程式不夠精簡，造成多餘成本 -> 先讀取部份程式，優化後，再轉成 machine code

這次作業要優化第2種現象(BF 沒有 subroutine 的概念)

JIT 的優化範例可見第二個參考網址

(1)~~Understanding the differences~~
(2)JIT-compiler
(3)What is the difference between a compiler and an interpreter?
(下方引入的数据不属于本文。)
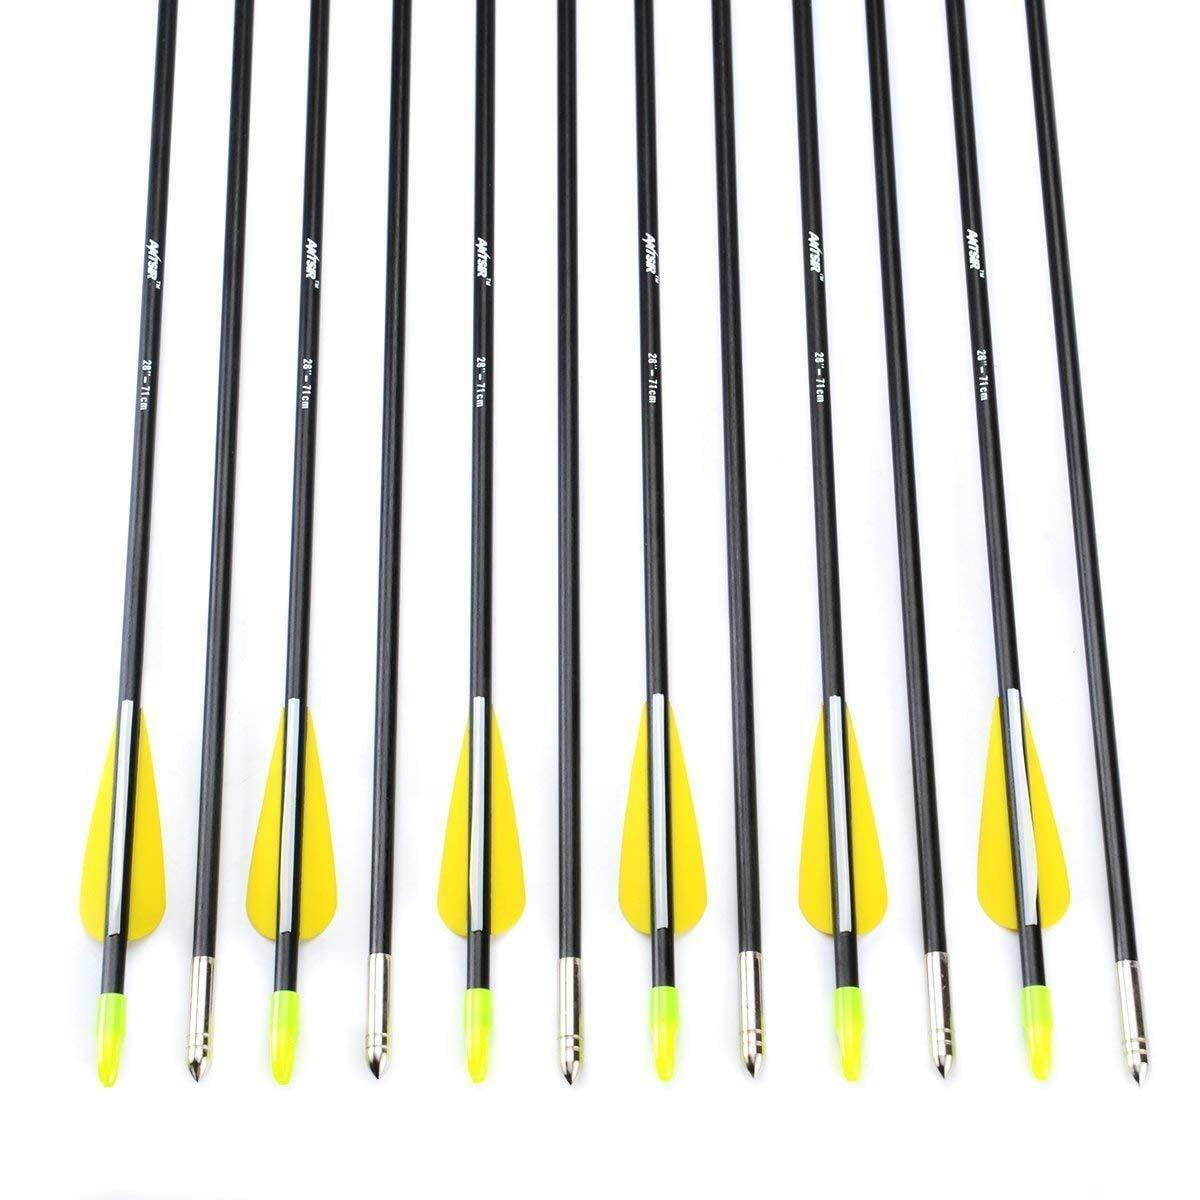 6/12x 28" Archery Fiberglass Arrows with 3"Vanes for Hunting Targeting Practice 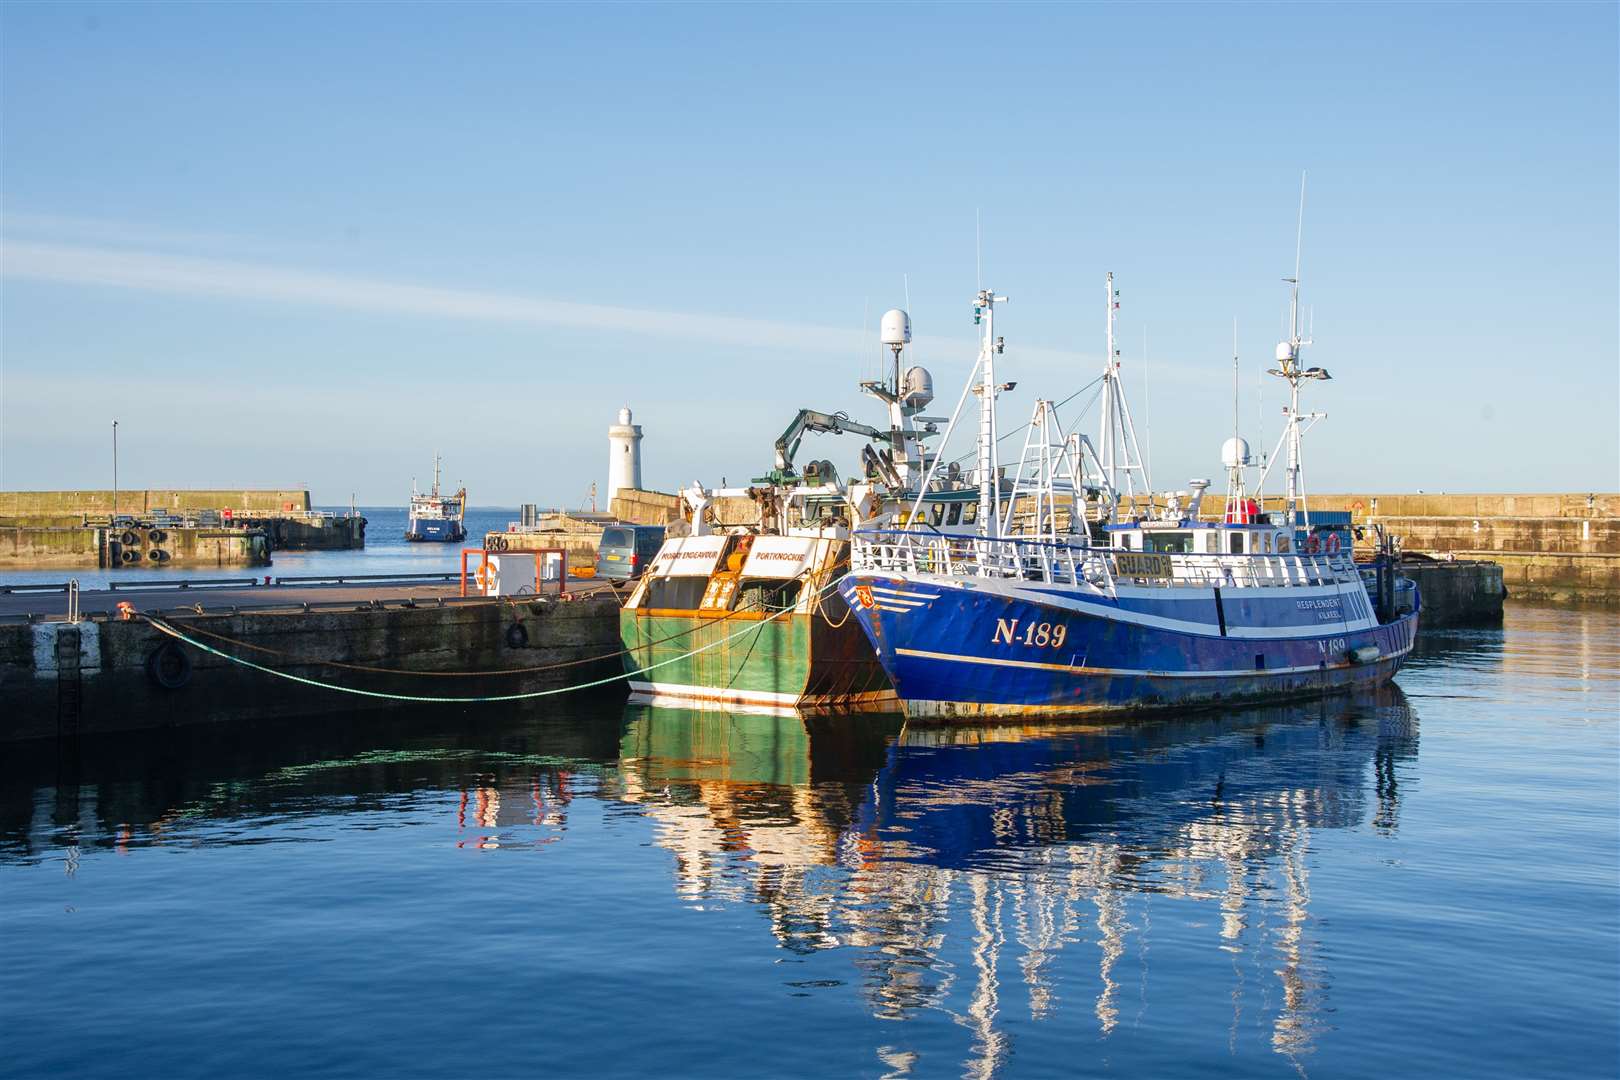 Four vessels landed their catches at Buckie Harbour last week.

直譯器(interpreter) v.s 編譯器(compiler)
直譯器會在程式執行時才將原始碼一行一行轉譯並在轉譯後立即執行，相對於直接執行編譯器所產生的機械碼花費更多的時間。但是編譯器必須先將原始碼編譯成可執行碼之後才會執行，相比之下直譯的動作會更省時間。
sed語法

$ sed 's/要被取代的字串/新的字串/g'

other
(1) magic code: an informal term of abstraction
(2) final: if a thing is to be declear with the label final,the thing can't to be inherit by other.
(3) virtual: if a thing is to be declear with the label virtual,it will be late binding(dynamic binding).
(4) late binding: the method being called upon an object or the function being called with arguments is looked up by name at runtime.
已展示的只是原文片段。